Dataset content =>
+---+

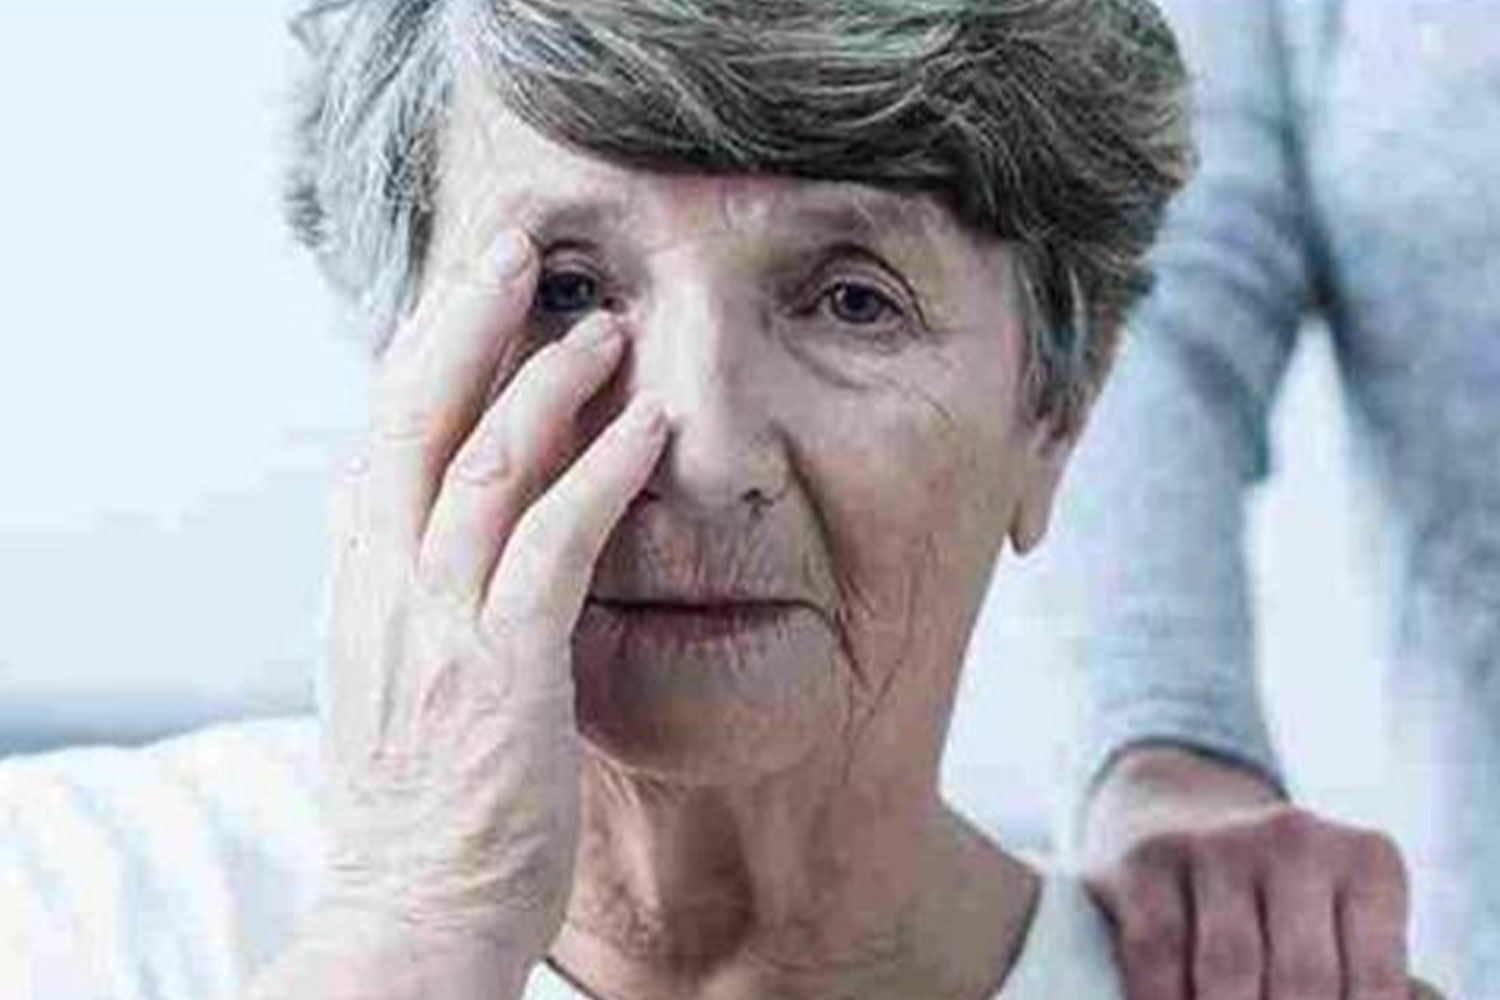 Unutkanlığın Nedeni Alzheimer mı, Yaşlılık mı?
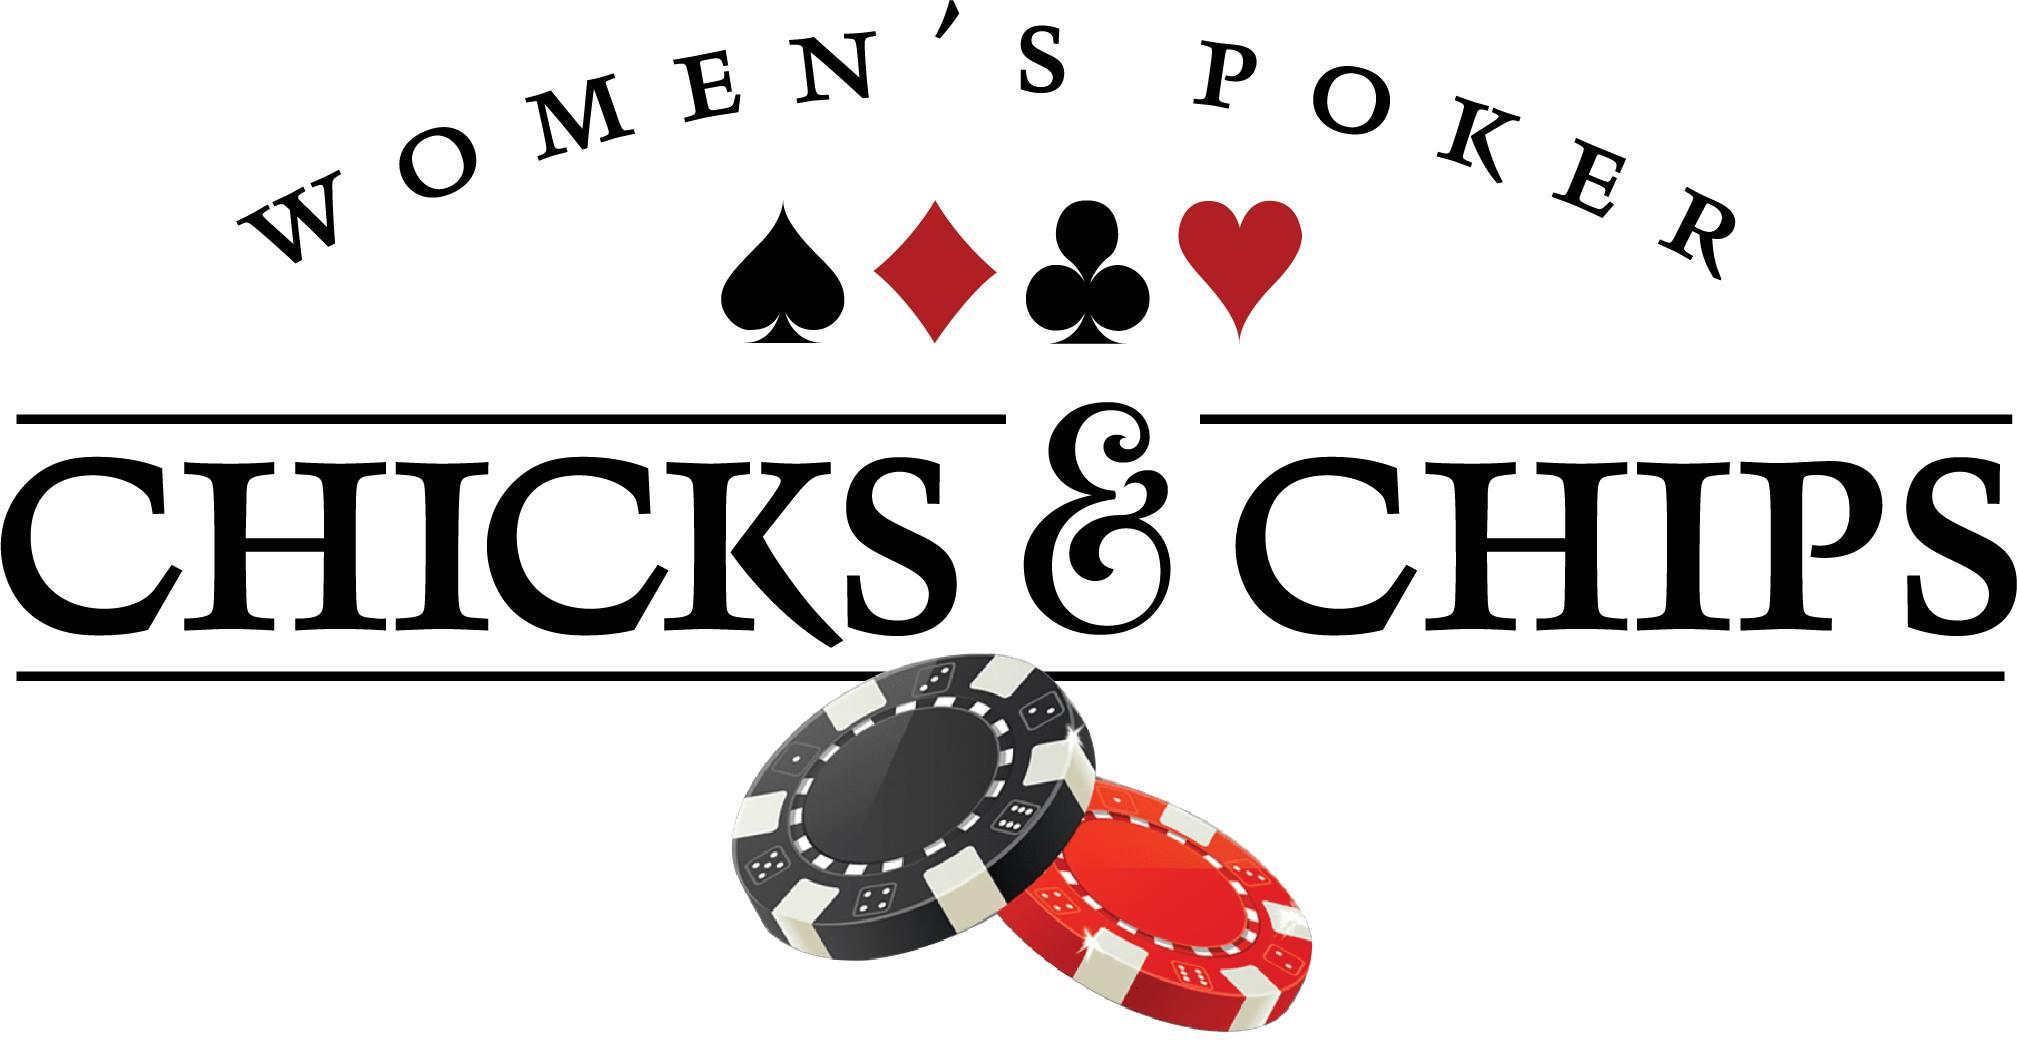 Ladies Poker Night - February
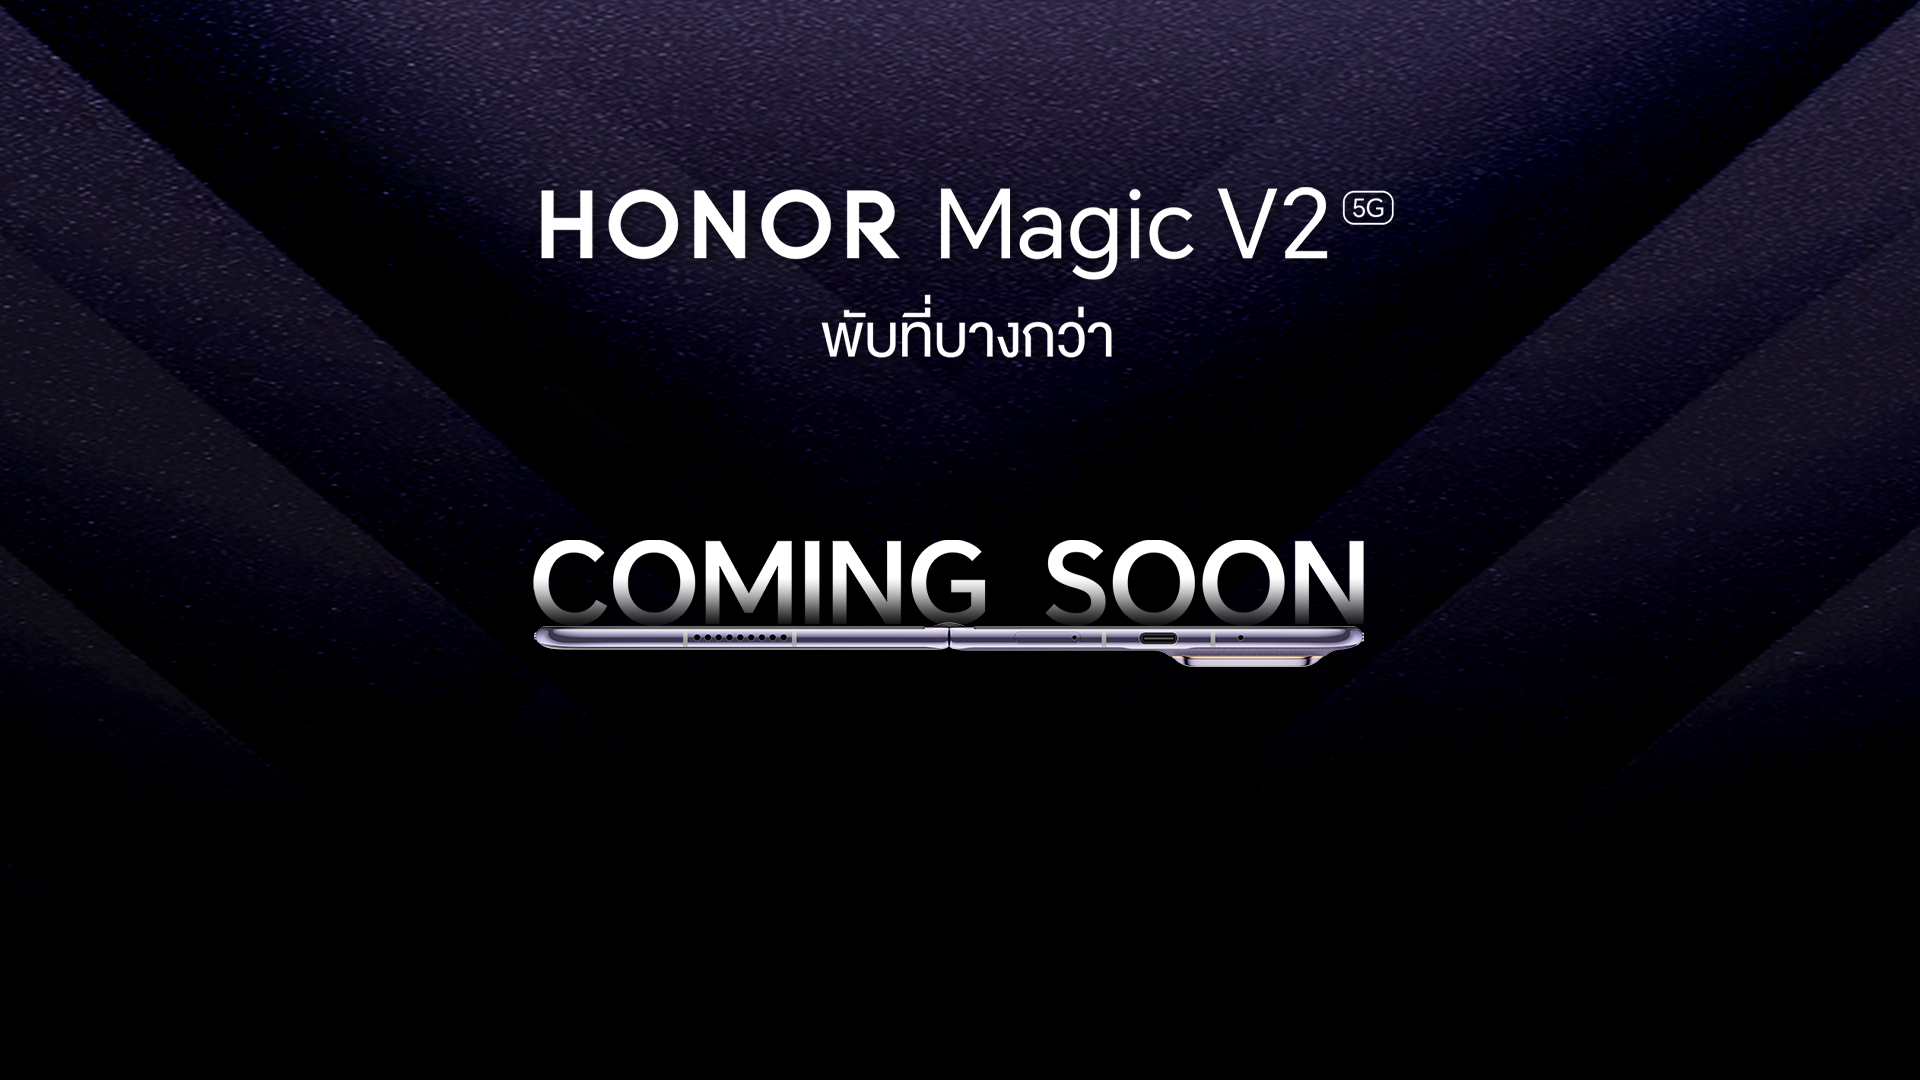 มาแน่! HONOR Magic V2 มือถือพับได้เตรียมเผยโฉมในเมืองไทย 7 กุมภาพันธ์ นี้
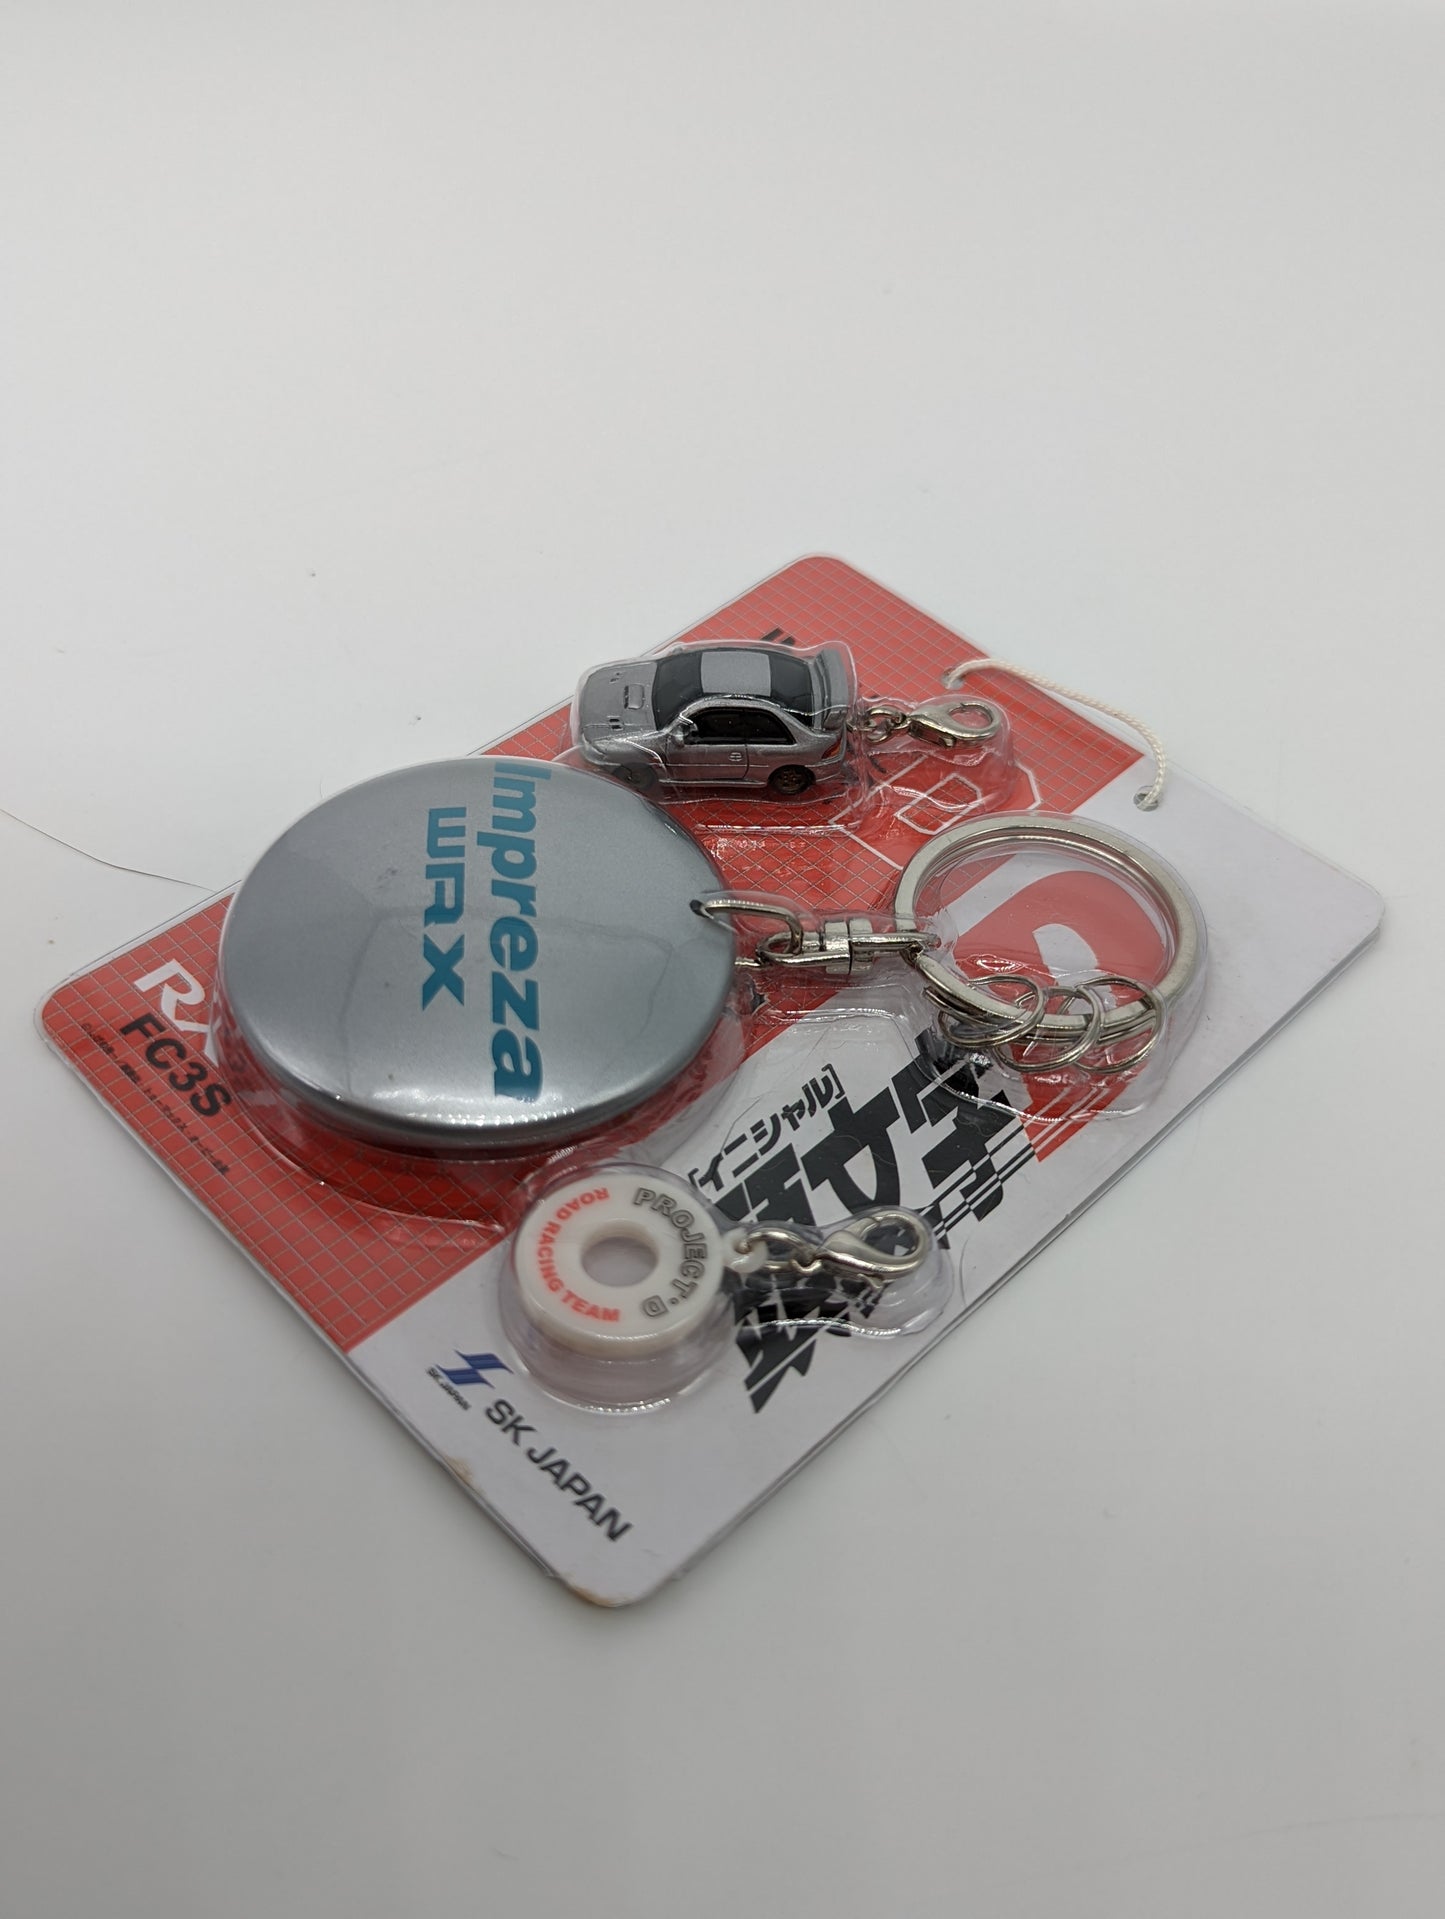 Impreza WRX  Initial D keychain

+---+

Write out the listing again word for word, but without its pictures.

Written solution =>
 Unutkanlığın Nedeni Alzheimer mı, Yaşlılık mı?
 Ladies Poker Night - February
 มาแน่! HONOR Magic V2 มือถือพับได้เตรียมเผยโฉมในเมืองไทย 7 กุมภาพันธ์ นี้
 Impreza WRX  Initial D keychain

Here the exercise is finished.